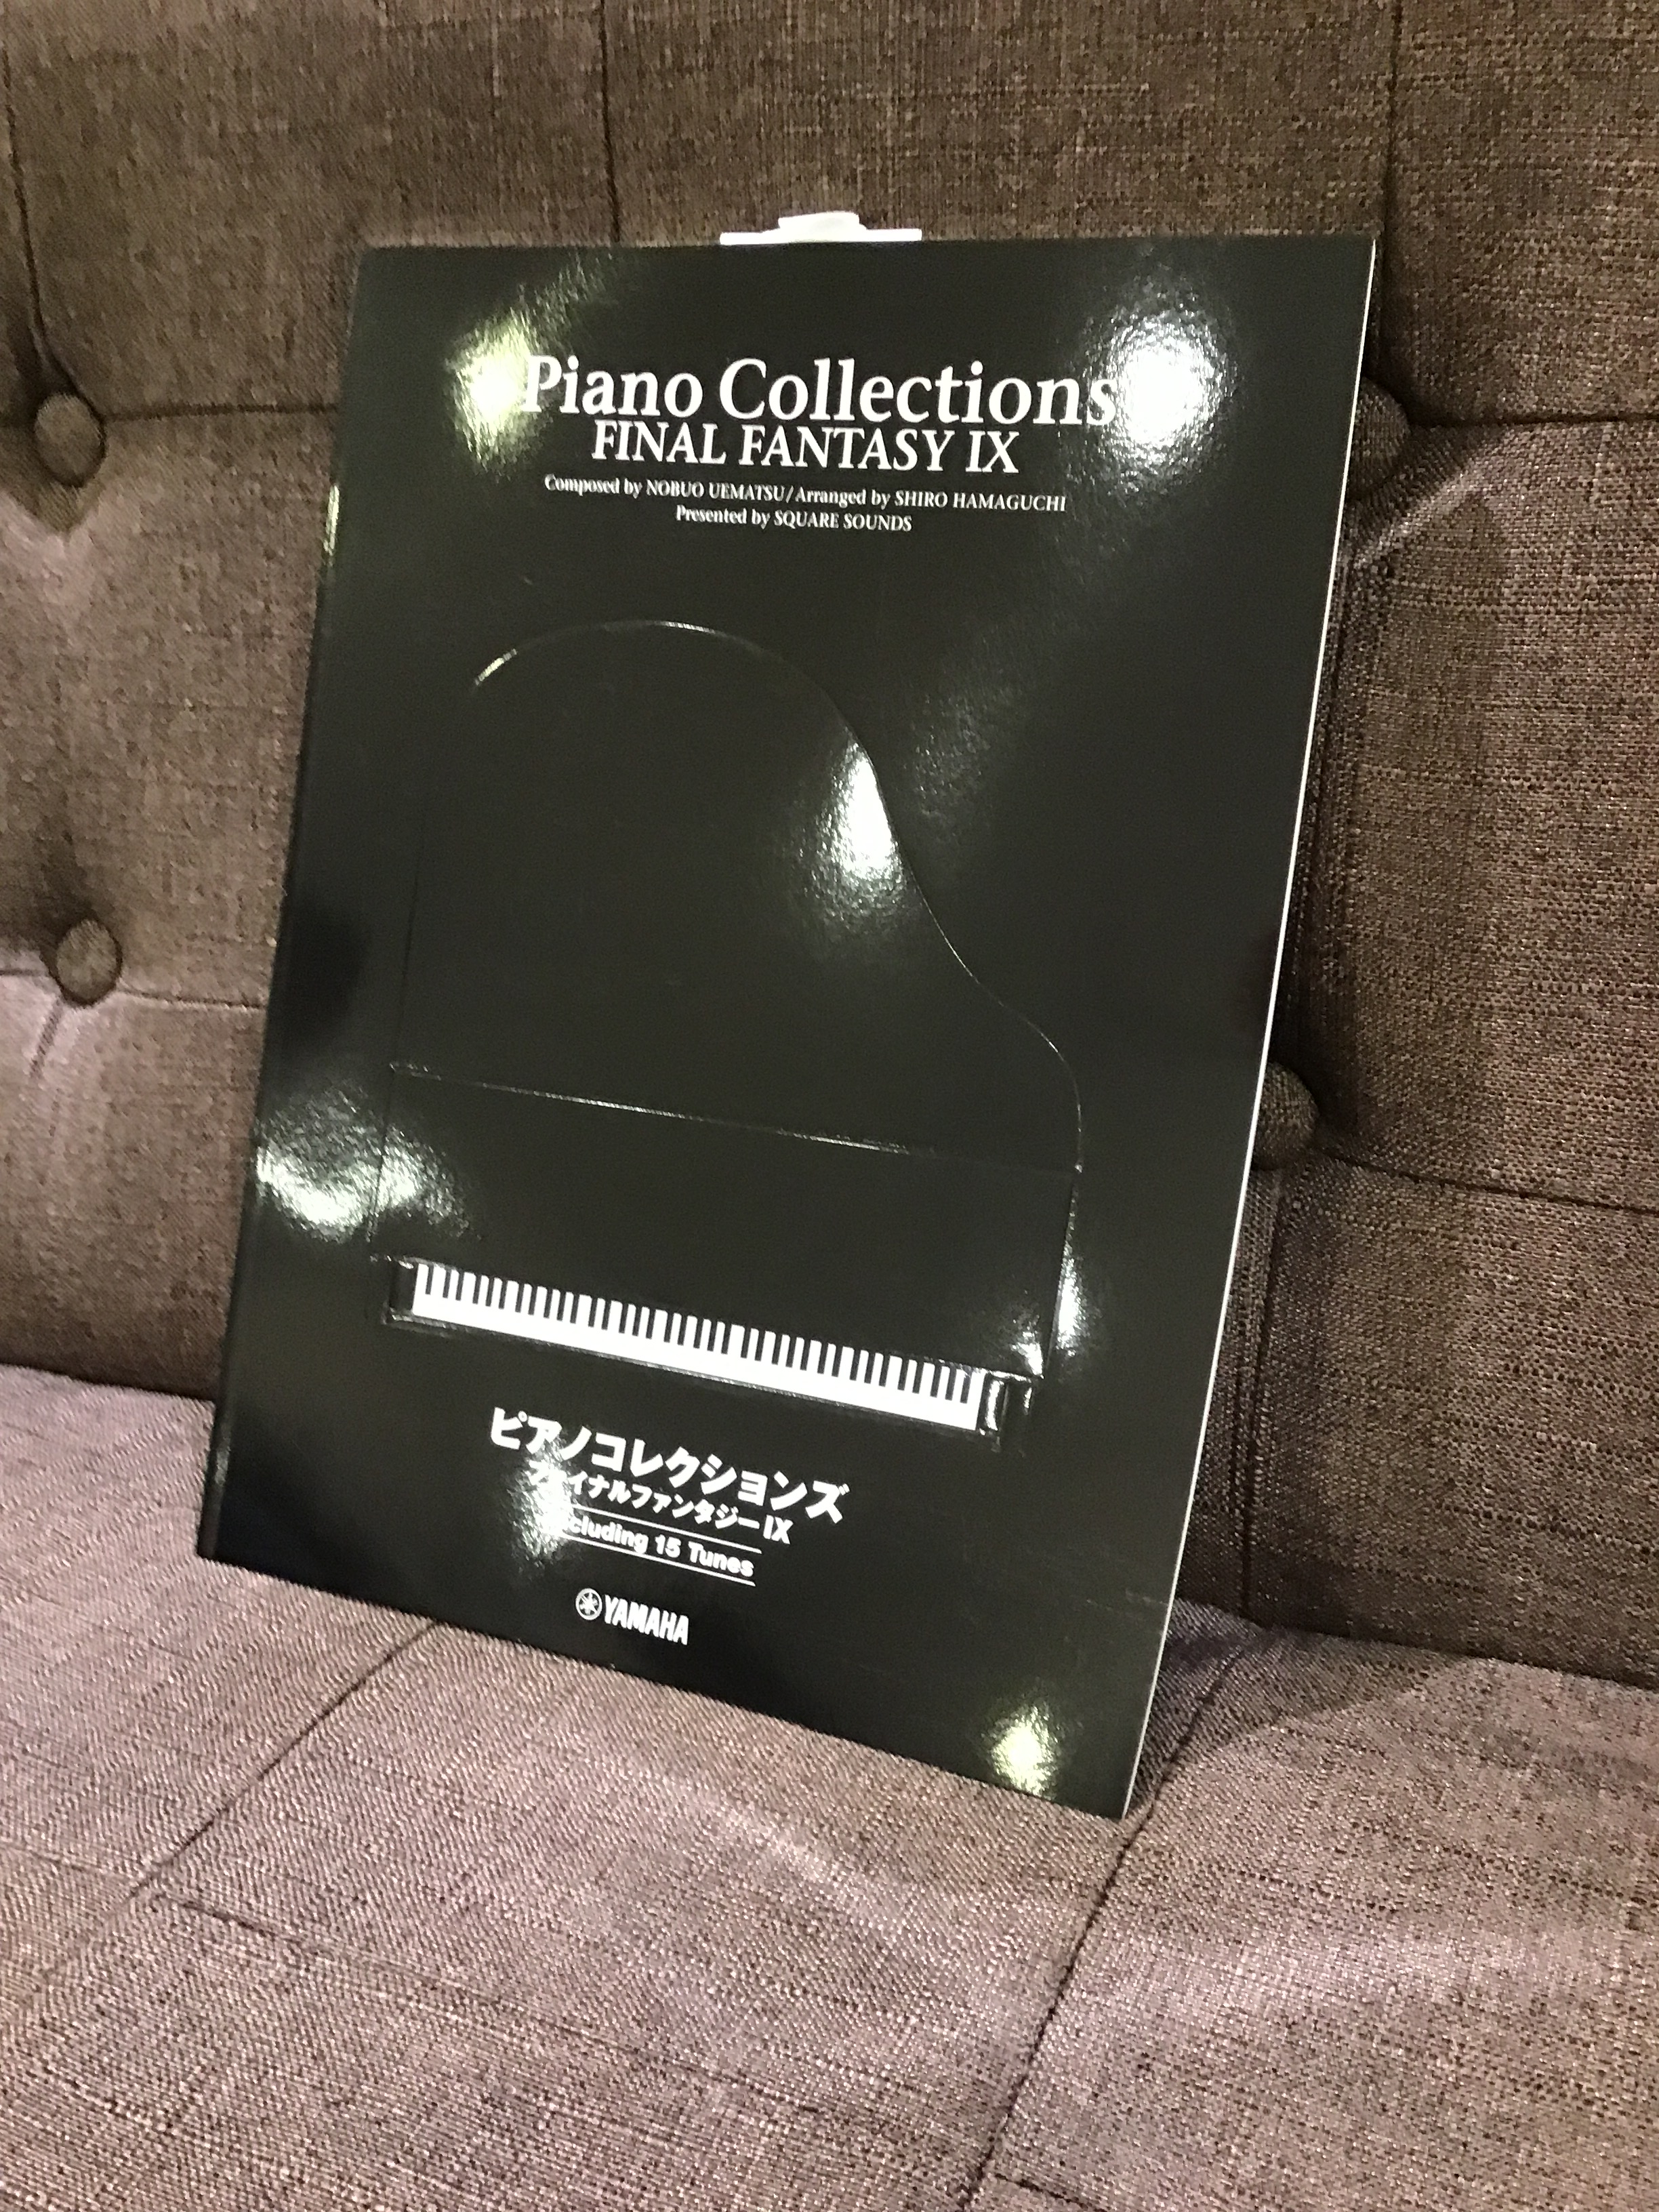 ゲームCD 初版 楽譜付 ファイナルファンタジーIV ピアノコレクションズ
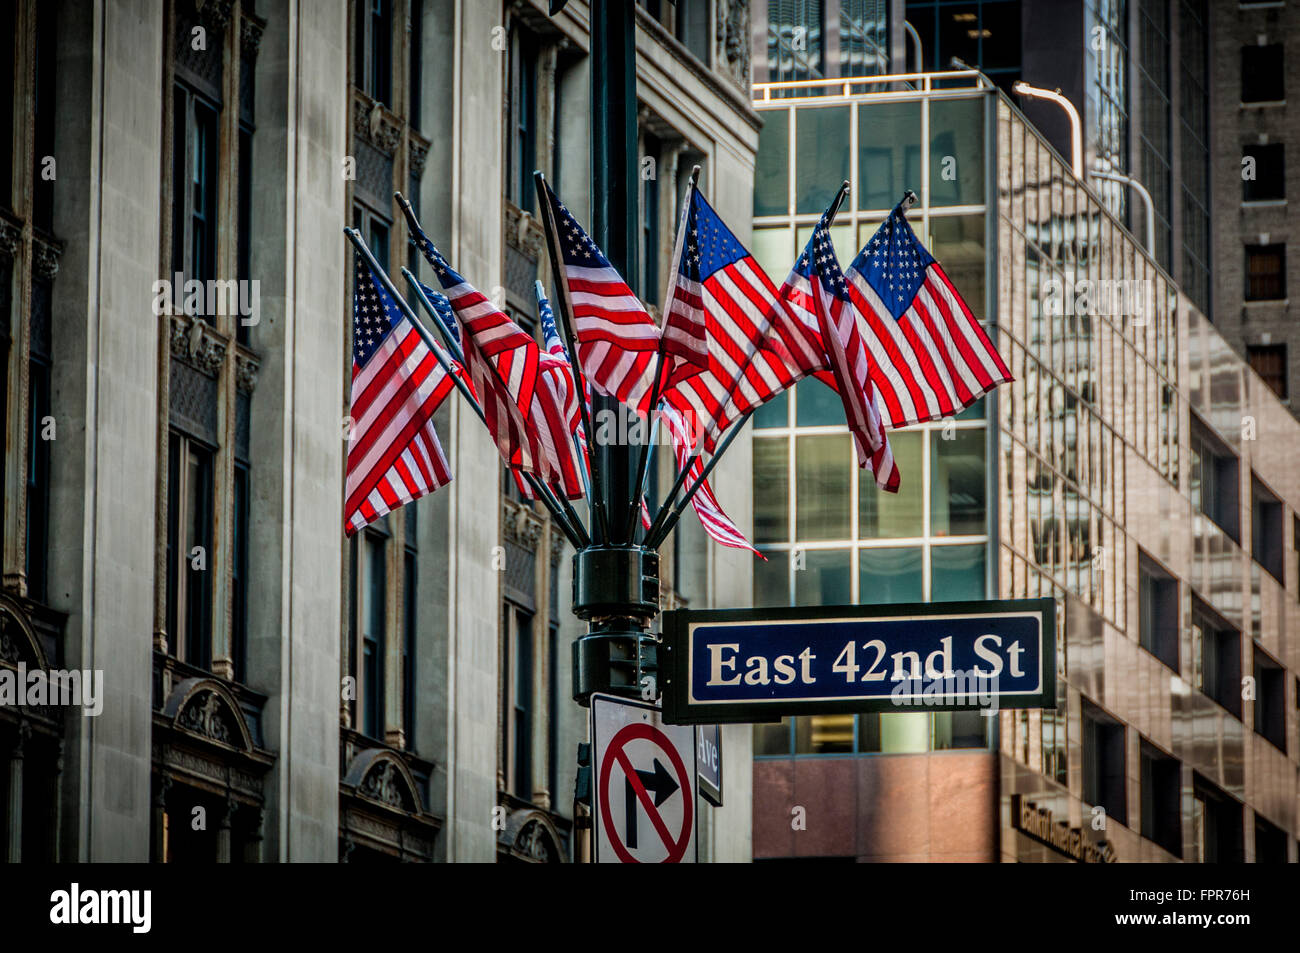 East 42nd St Zeichen und Gruppe von amerikanischen Flaggen auf Laternenpfahl, New York City, USA. Stockfoto
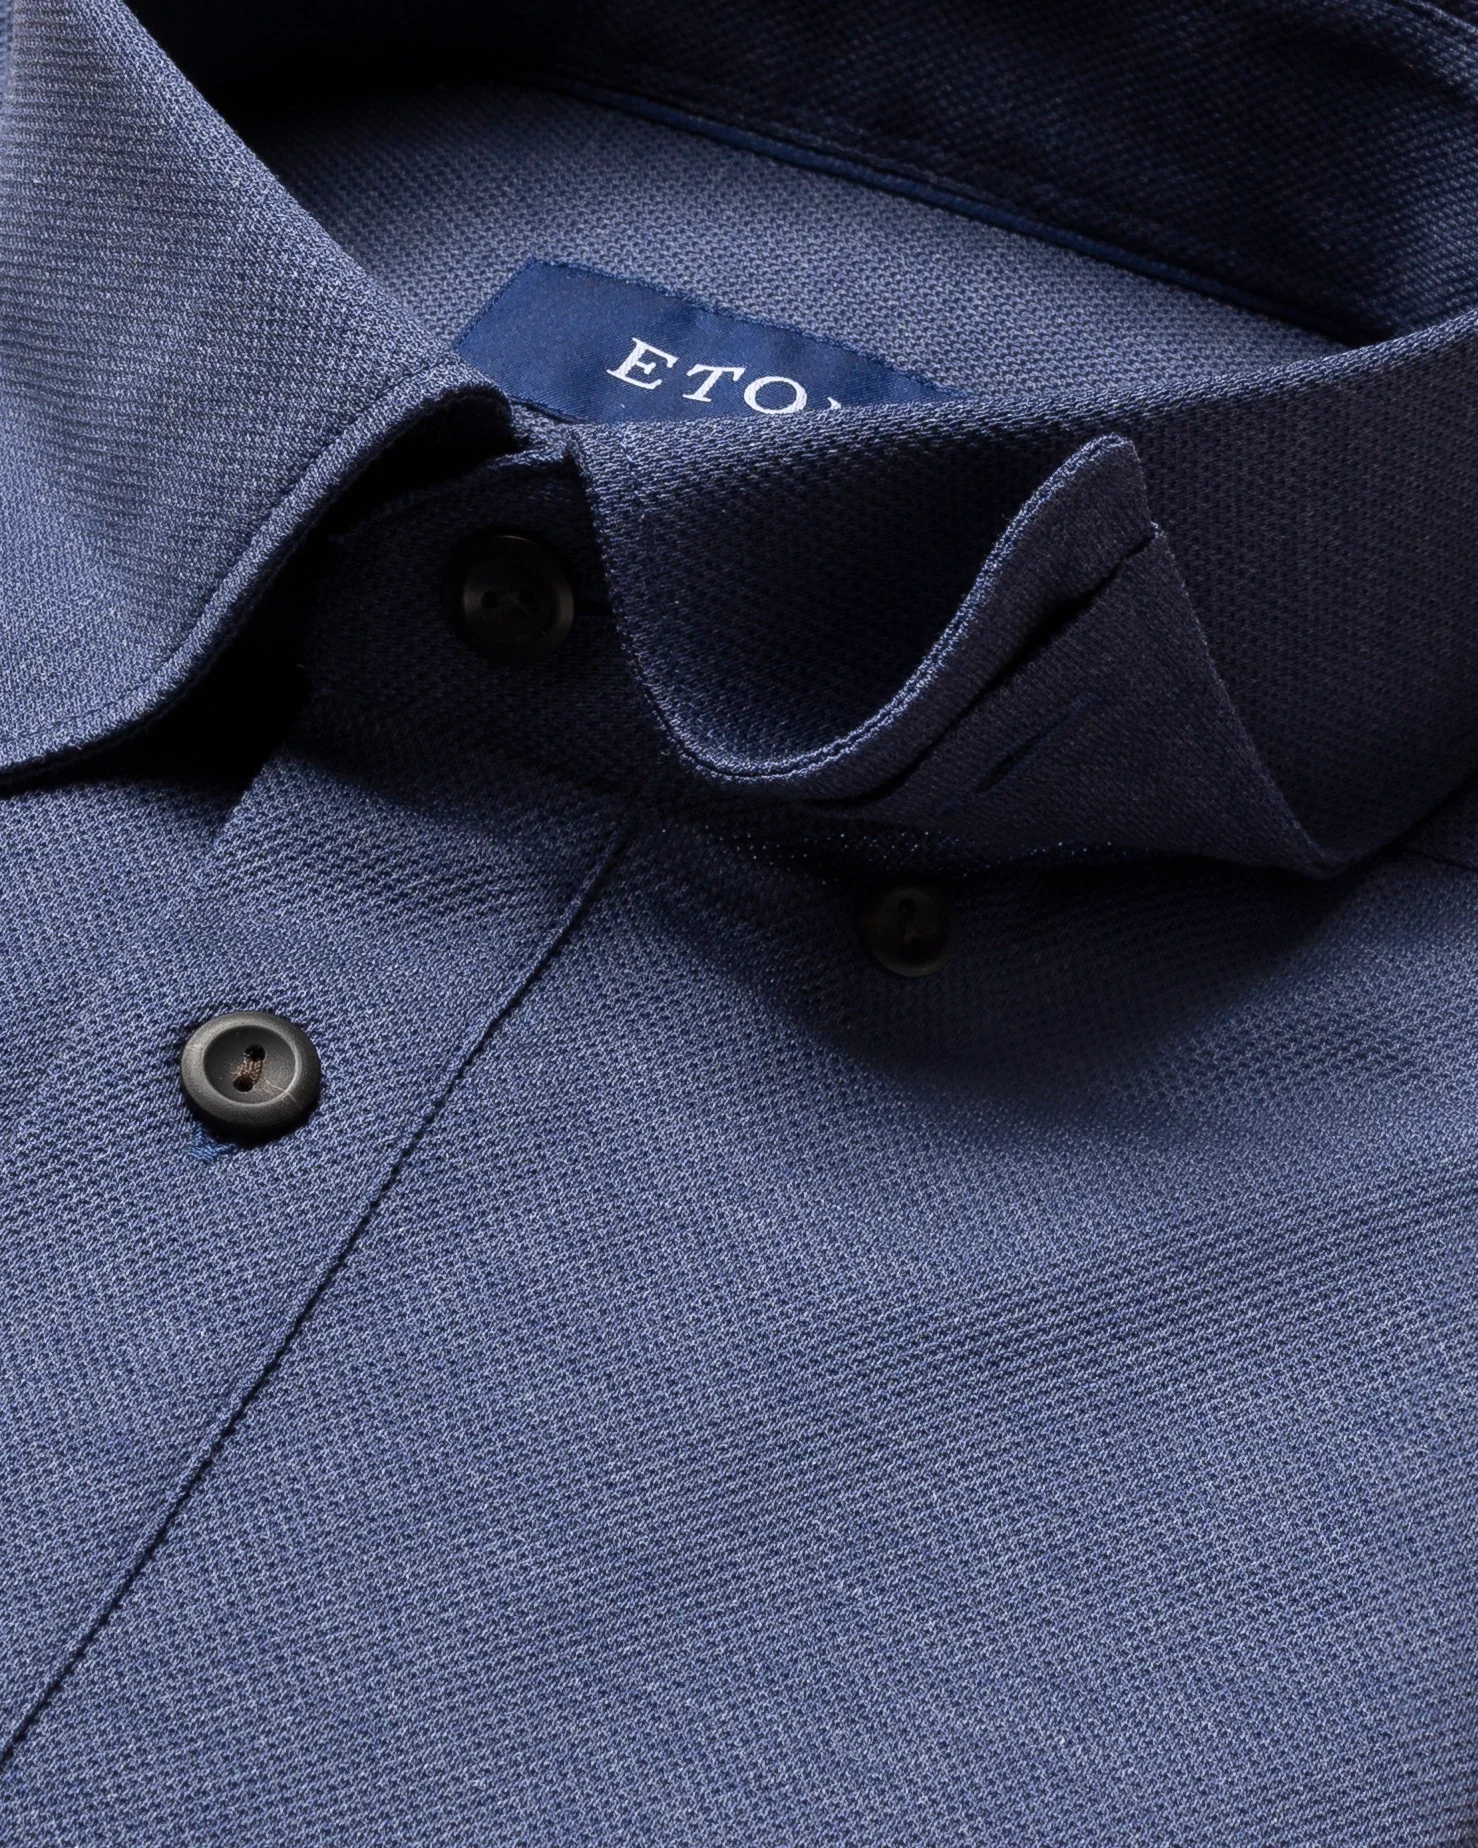 Eton - indigo blue polo shirt long sleeved

What you should do:
Restate word for word each line from the one containing "East 42nd St" through the end of the material, pictures excluded.

Problem solution:
 East 42nd St Zeichen und Gruppe von amerikanischen Flaggen auf Laternenpfahl, New York City, USA. Stockfoto
 Eton - indigo blue polo shirt long sleeved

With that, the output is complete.